他脑海中浮现出叶若依苍白脆弱的脸庞,浮现出萧瑟那冰冷莫测的眼神。萧瑟会好好待她吗?会用心给她治病吗?还是根本不在意她的死活?

“萧瑟!萧瑟你出来!”见侍卫无动于衷,雷无桀更是心急如焚,他开始用身体撞击牢门,尽管知道这是徒劳,“萧楚河!你听见没有!你若还是个男人,就出来见我!告诉我若依她到底怎么了?!你若敢亏待她,我雷无桀做鬼也不会放过你!”

少年的怒吼在地牢幽深的甬道里回荡,带着不顾一切的疯狂和深切的担忧。

然而,回应他的,只有侍卫更加严厉的呵斥和牢门纹丝不动的冰冷触感。他被死死困在这方寸之地,连心爱之人的安危都无法确认,这种无能为力的感觉,比任何严刑拷打都更让他痛苦绝望。

他滑坐在牢门边,声音渐渐低了下去,带着哽咽般的嘶哑,一遍遍地重复着:“让我见他……让我见萧瑟……我要知道她好不好……”

地牢重归寂静,只有少年粗重的喘息和压抑不住的、为心上人焦急的痛苦低鸣,在空气中久久不散。

夜色渐深,锦瑟院内的烛火却依旧亮着。

姬雪轻步走入内院,尚未进门,一股浓重苦涩的药味便扑面而来,萦绕在鼻尖,挥之不去。她微微蹙眉,抬手掀开珠帘,只见内室之中,萧瑟依旧保持着日间的姿势,坐在床榻边的脚踏上。

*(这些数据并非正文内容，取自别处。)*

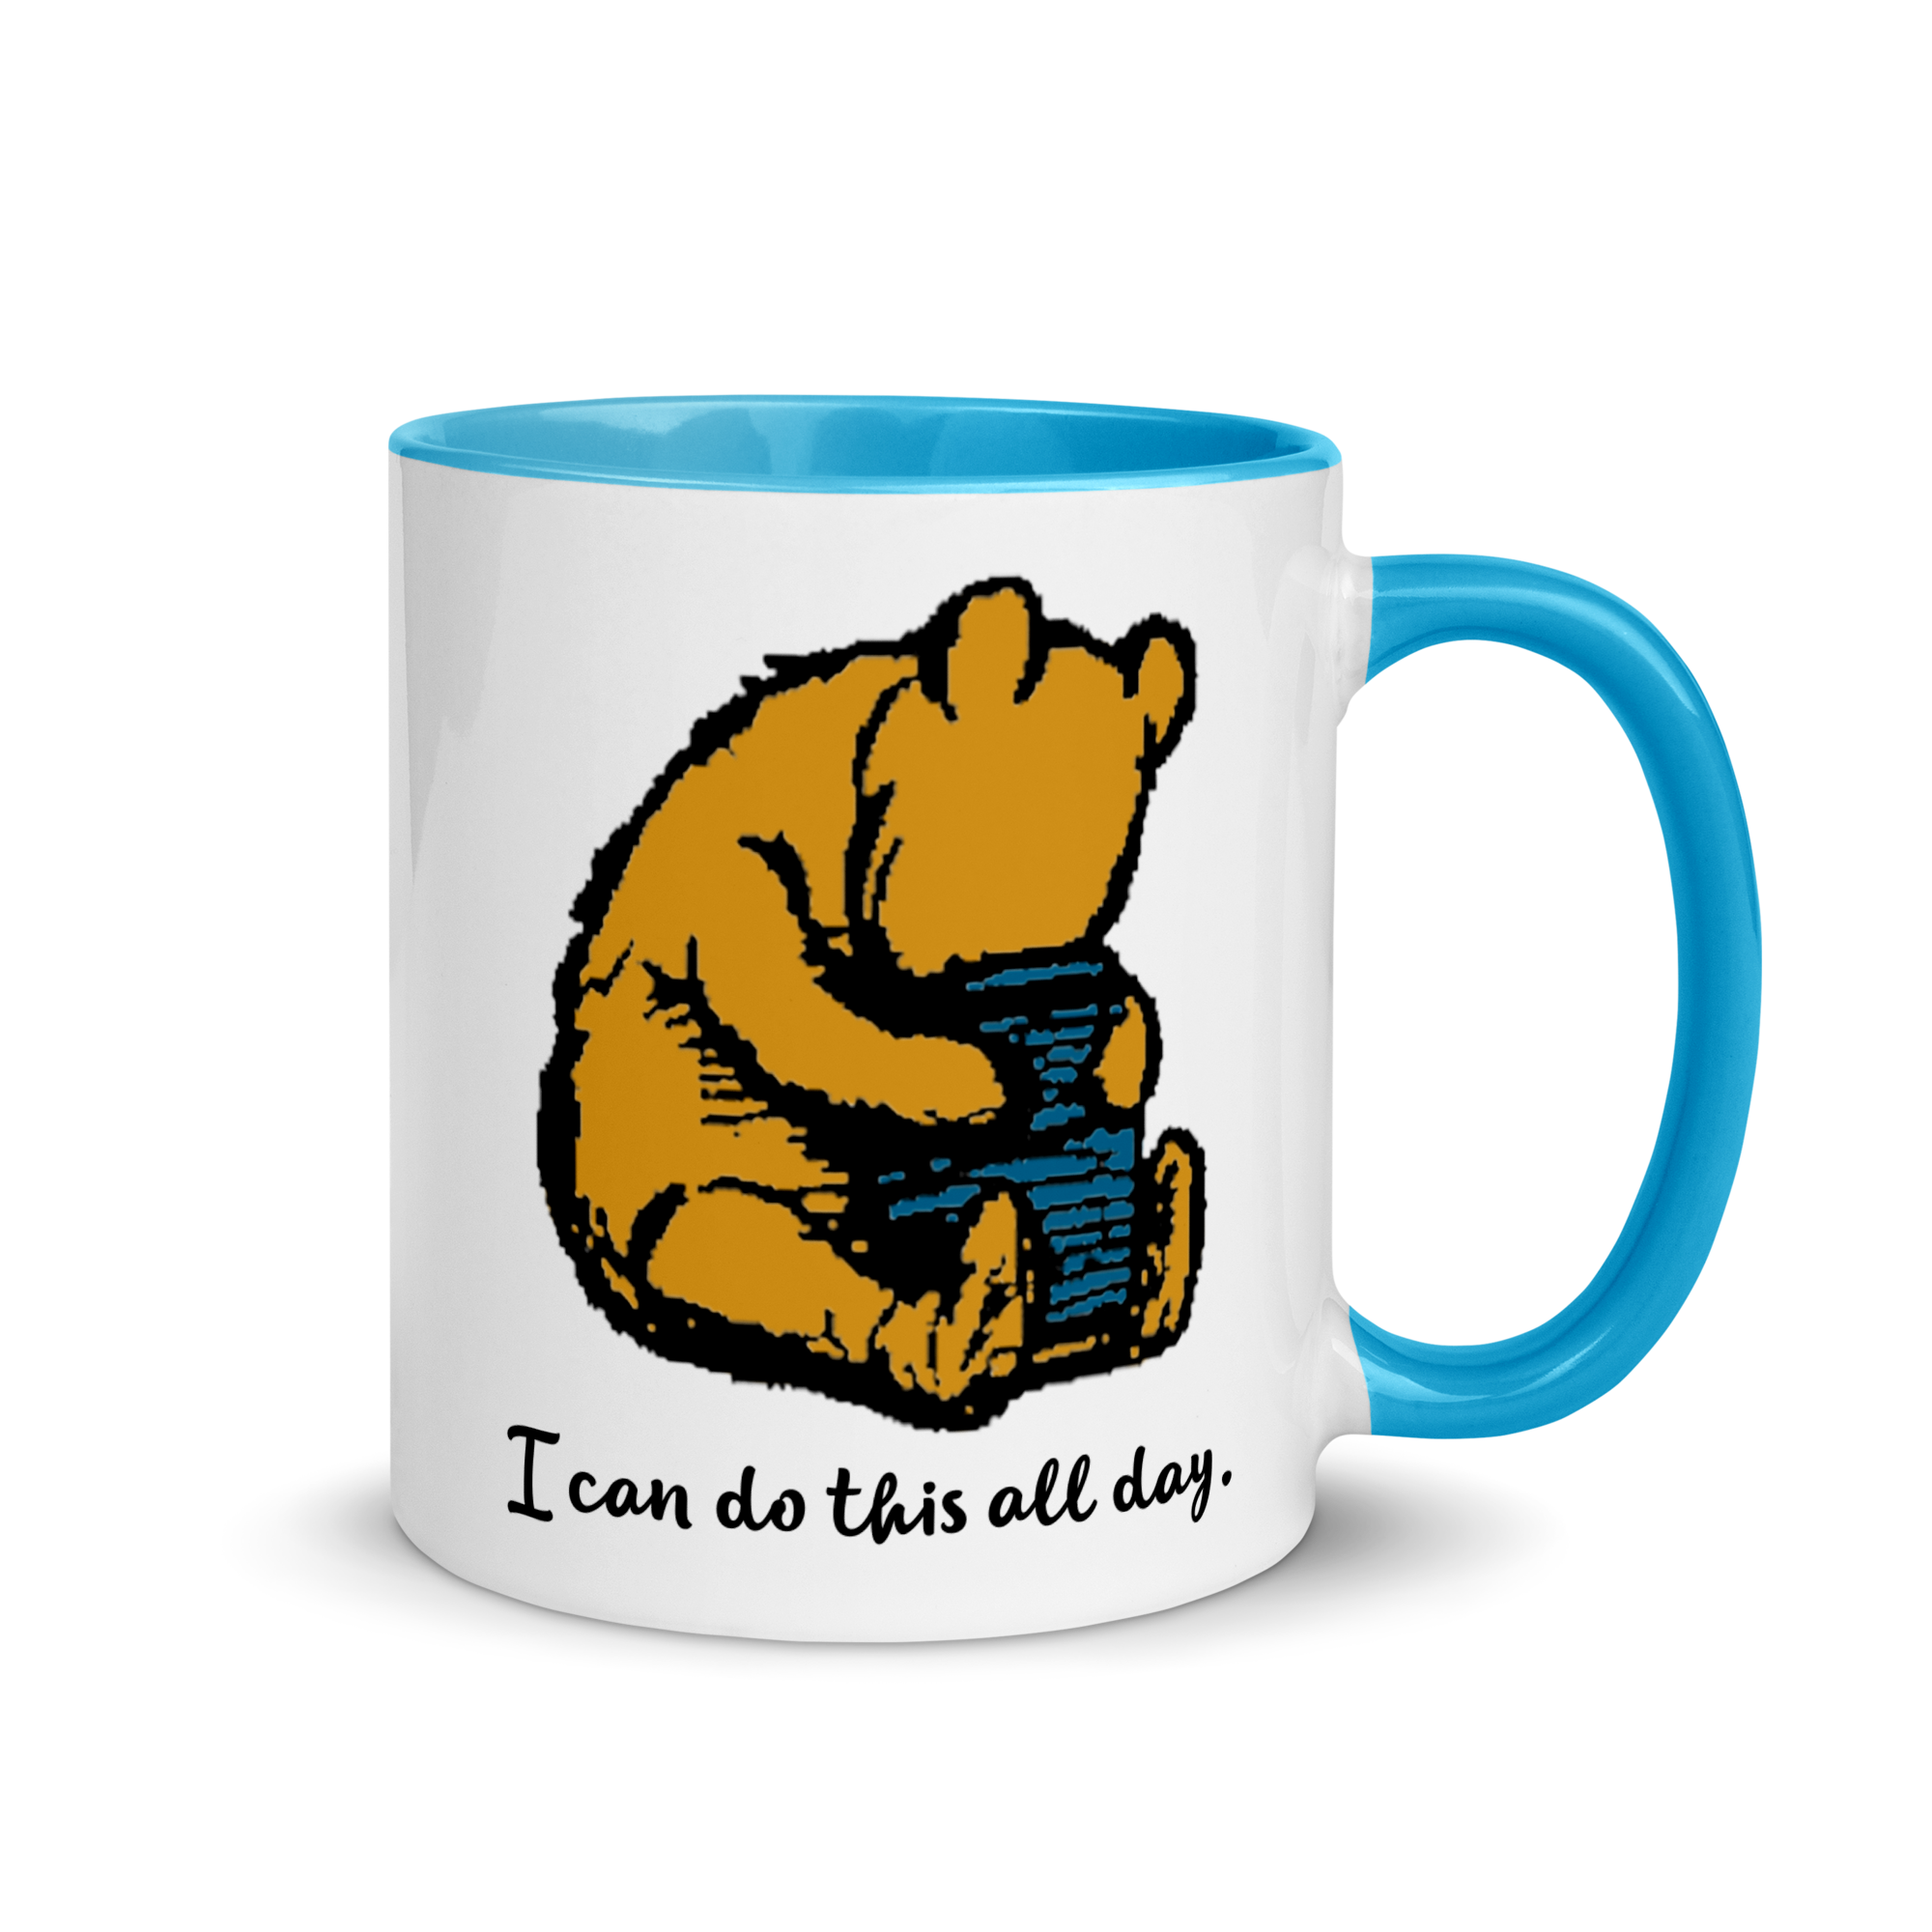 Classic Winnie-the-Pooh Mug with Blue Inside

他甚至连那件惯常披着的青狐裘都未曾好好穿着,只是随意搭在肩上,墨色的常服衬得他脸色愈发苍白,眼下有着明显的青黑。他一动不动地望着榻上沉睡的叶若依,那双眼眸只有浓得化不开的忧虑,以及一丝……仿佛做错了事的孩子般的无措。

听到脚步声,萧瑟缓缓转过头,目光有些迟缓地落在姬雪身上,声音沙哑低沉:“何事?”

那声音里的倦意,几乎要满溢出来。姬雪心中微震,与萧瑟相识多年,见过他重伤濒死时的虚弱,也见过他运筹帷幄时的从容,却极少见他露出这般近乎被掏空了心神的模样。

这满室的药香,与其说是救治的希望,不如说是无声的谴责,时时刻刻煎熬着眼前这个男人。

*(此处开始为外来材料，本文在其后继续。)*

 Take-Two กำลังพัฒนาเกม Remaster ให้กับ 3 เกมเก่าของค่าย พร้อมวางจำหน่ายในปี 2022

“王爷,”姬雪已听闻地牢的动静,但此刻更忧心王妃病情,低声提醒,“寻常太医恐难奏效。听闻,‘医仙’辛百草有一位关门弟子,名唤华锦,虽年纪尚轻,但尽得辛老先生真传,尤擅疑难杂症,或许……”

萧瑟眼中骤然闪过一丝光亮。辛百草!那个因欠下百晓生人情,多年来一直为他治疗隐脉之伤的老头!他的弟子,医术定然不凡。而且,司空长风是辛百草的半个徒弟,若依又拜在司空长风门下学艺,算起来,这华锦与若依竟有同门之谊,或许……或许更能尽心。

“立刻去请!”萧瑟毫不犹豫地下令,语气急切,“无论她在何处,以最快速度请来天启!就说……就说本王恳请她救救若依。”  最后两个字,他说得有些艰涩,却带着不容置疑的恳切。

姬雪领命,立刻动用百晓堂渠道,飞鸽传书,动用一切力量寻找华锦的踪迹。

吩咐完这一切,萧瑟才稍稍定了定神,转而看向姬雪,语气沉了下来:“地牢那边,怎么回事?”

姬雪如实回禀:“雷无桀听到了侍卫议论王妃病重,情绪激动,吵着要见您,询问王妃情况。”

萧瑟眉头紧锁,烦躁与一种难以言喻的愧疚交织。雷无桀的担忧如此直白炽热,反衬得他昨夜的强迫和如今的处境更加不堪。他揉了揉眉心,声音带着疲惫:“看紧他,别让他出事,也别让他再听到任何风声。另外……”他顿了顿,补充道,“让看守透露给他,王妃只是偶感风寒,太医已在诊治,让他……安分些。”

他终究还是不愿在那个单纯的少年面前,暴露自己最不堪的一面,也不愿让那份纯粹的担忧变成更深的恨意。

……

华锦来得比想象中更快。不过两日,一个身着浅绿衣裙、容貌清秀的少女便出现在了永安王府。她身上背着一个小小的药箱,行事干脆利落,不拘礼节。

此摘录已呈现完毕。